SOUTH BEND, Ind. (AP) — No. 9 Notre Dame may find out this season that a stable full of running backs is better than one.
Jafar Armstrong and Tony Jones Jr. are sharing the load in practices, with three underclassmen also pushing for playing time. The previous two seasons, Josh Adams (1,430 yards in 2017) and Dexter Williams (995 yards in 2018) got most of the carries for the Fighting Irish, but so far a primary back has not grabbed the job.
Armstrong is a 200-pound junior who came to Notre Dame as an all-state wide receiver from Bishop Miege High School in Kansas before converting to running back during 2018 spring practice. Jones is a 224-pound senior who played at IMG Academy in Bradenton, Florida.
Each would like to be the workhorse that their predecessors were. For now, they are comfortable sharing the workload with each other and the other three hopefuls.
"He (Armstrong) keeps me on my toes — I always want to grind and do better," said Jones, who last season rushed for 392 yards, including 118 against Vanderbilt, and had 157 yards receiving, including a 51-yard touchdown against USC. "We're always trying to one up each other and do better."
"Me and Tony just try and build off each other," said Armstrong, who missed three games with a staph infection in his knee but managed 383 rushing yards and seven touchdowns along with 159 receiving yards on 14 catches. "If Tony makes a big play, I'm going to try and make a big play."
With just 10 games under his belt as a running back, Armstrong isn't afraid to seek advice from Jones to better his game.

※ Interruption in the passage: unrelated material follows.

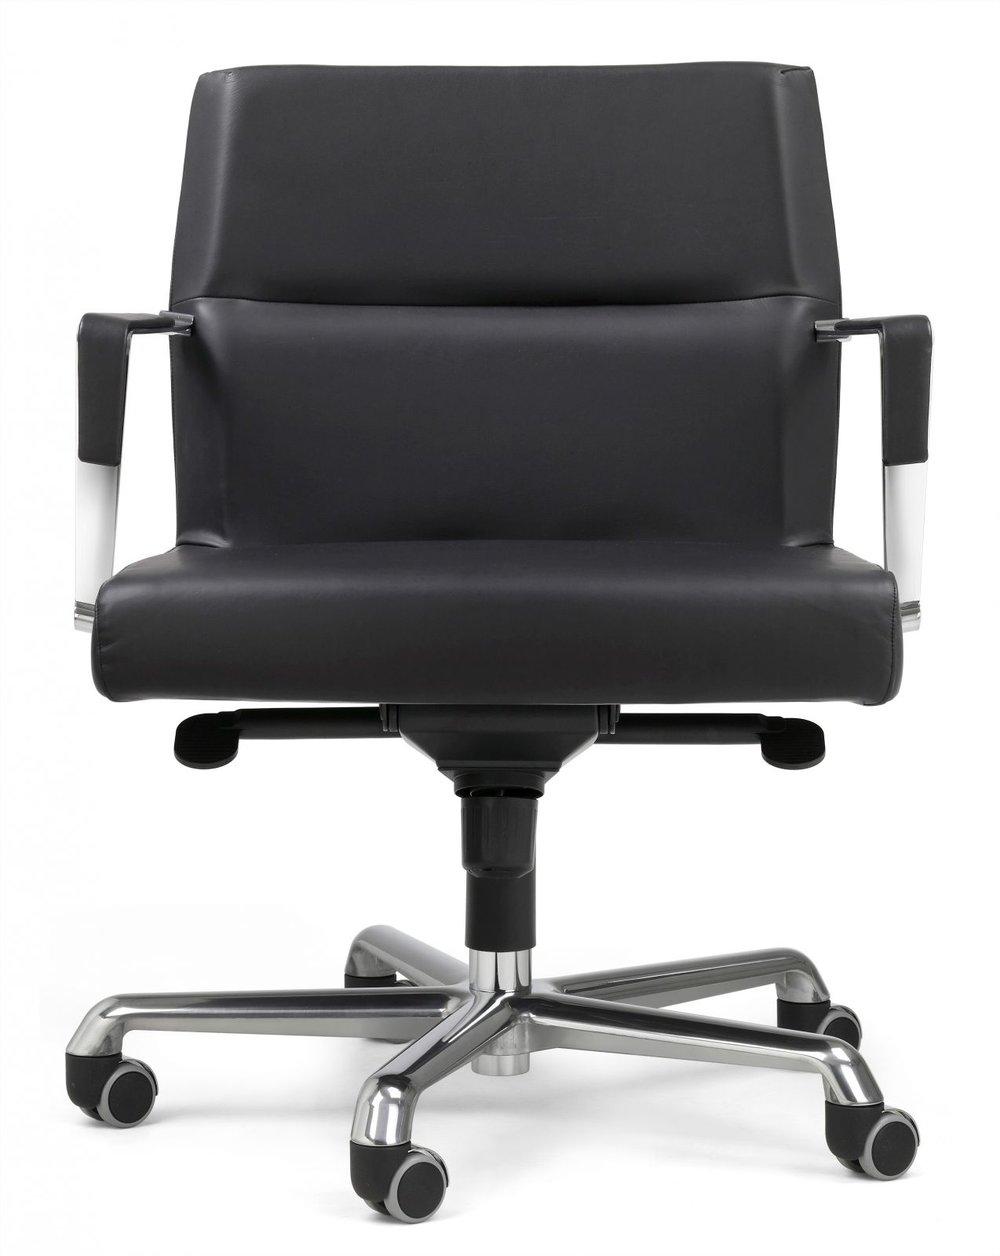 modern-office-chairs-Italian-furniture-designer-chairs (14).jpg

"Tony has a real IQ for the game — he's smart and been here for four years," Armstrong said. "So any time I have a question about anything, I'm going to Tony. He knows the playbook."
"We're all selfless," Jones said. "We all want the team to win. I think we both have similar types of games but show them in different ways. He's elusive but he's also powerful. I'm powerful but elusive."
Coach Brian Kelly and first-year running backs coach Lance Taylor like what they are seeing from Armstrong and Jones, who not only have shared the snaps as the solo running back in offensive coordinator Chip Long's spread formations, but sometimes find themselves together or sharing the field in multi-back schemes.
"They are a load and they are a handful," Kelly said. "Jafar tends to want a big play all the time. He's (become) a physical presence. His ability to pass protect and catch the football mirrors what Tony can do. ... Both of them together make a fine tandem."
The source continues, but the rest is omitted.